On October 5, 2018, the probate court entered an order concluding that it had jurisdiction over the trustees' action and purporting to render a decision in favor of the trustees on their motion for a partial summary judgment. The probate court declared, among other things, that the trustees had discretion under the Trust Indenture to establish a reserve and to maintain it on an ongoing basis, subject to the standards of the Trust Indenture. The probate court also declared that the trustees had the discretion under the Trust Indenture to distribute such portion of the Foundation funds they deemed necessary for the operation of the Gardens. In other words, the probate court, by declaring that the trustees were no longer bound by the 2003 Amendment capping the funding of the Gardens, effectively rendered void the 2003 final judgment of the Mobile Circuit Court. Huntingdon petitioned this Court for a writ of mandamus requesting, among other things, that this Court direct the Mobile Probate Court to dismiss the trustees' action for lack of jurisdiction.

II. Standard of Review
"Mandamus is a drastic and extraordinary writ, to be issued only where there is (1) a clear legal right in the petitioner to the order sought; (2) an imperative duty upon the respondent to perform, accompanied by a refusal to do so; (3) the lack of another adequate remedy; and (4) properly invoked jurisdiction of the court."

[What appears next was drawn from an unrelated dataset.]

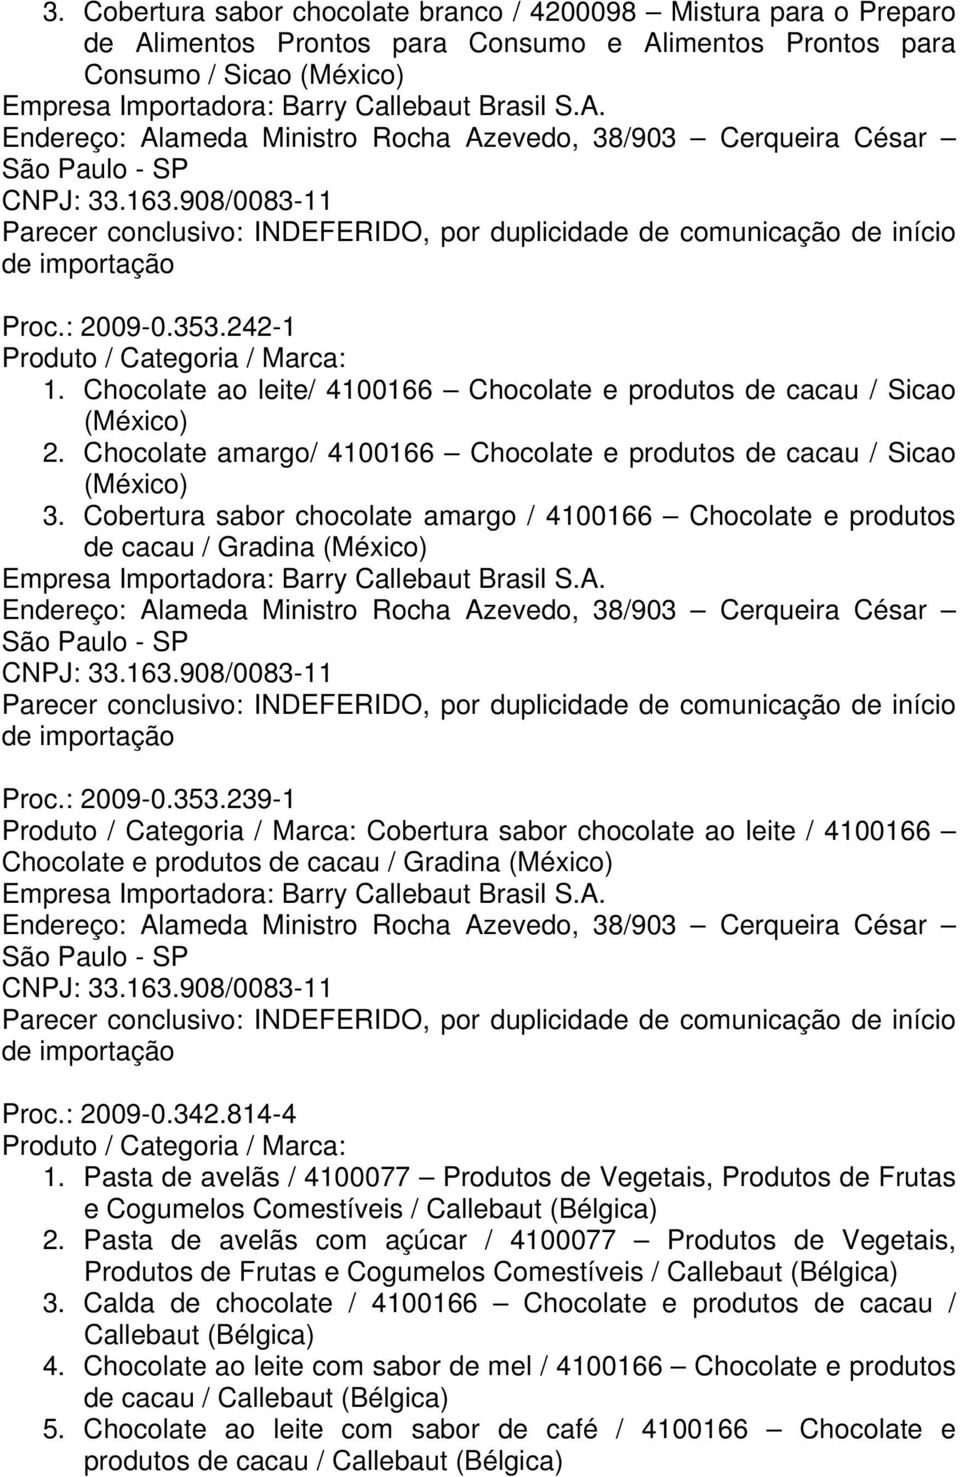 Cobertura sabor chocolate amargo / 4100166 Chocolate e produtos de cacau / Gradina Proc.: 2009-0.353.239-1 Cobertura sabor chocolate ao leite / 4100166 Chocolate e produtos de cacau / Gradina Proc.

Ex parte Integon Corp., 672 So. 2d 497, 499 (Ala. 1995). The question of subject-matter jurisdiction is reviewable by a petition for a writ of mandamus. Ex parte Flint Constr. Co., 775 So. 2d 805 (Ala. 2000).

III. Analysis

It is undisputed that the Mobile Probate Court has concurrent jurisdiction with the Mobile Circuit Court in any proceeding involving a testamentary or inter vivos trust. See § 19-3B-203(b), Ala. Code 1975 (noting that "[a] probate court granted statutory equitable jurisdiction has concurrent jurisdiction with the circuit court in any proceeding involving a testamentary or inter vivos trust"). It is also undisputed that § 19-3B-201(b), Ala. Code 1975, provides that "[a] trust is not subject to continuing judicial supervision unless ordered by the court." This case, however, does not involve an issue concerning the...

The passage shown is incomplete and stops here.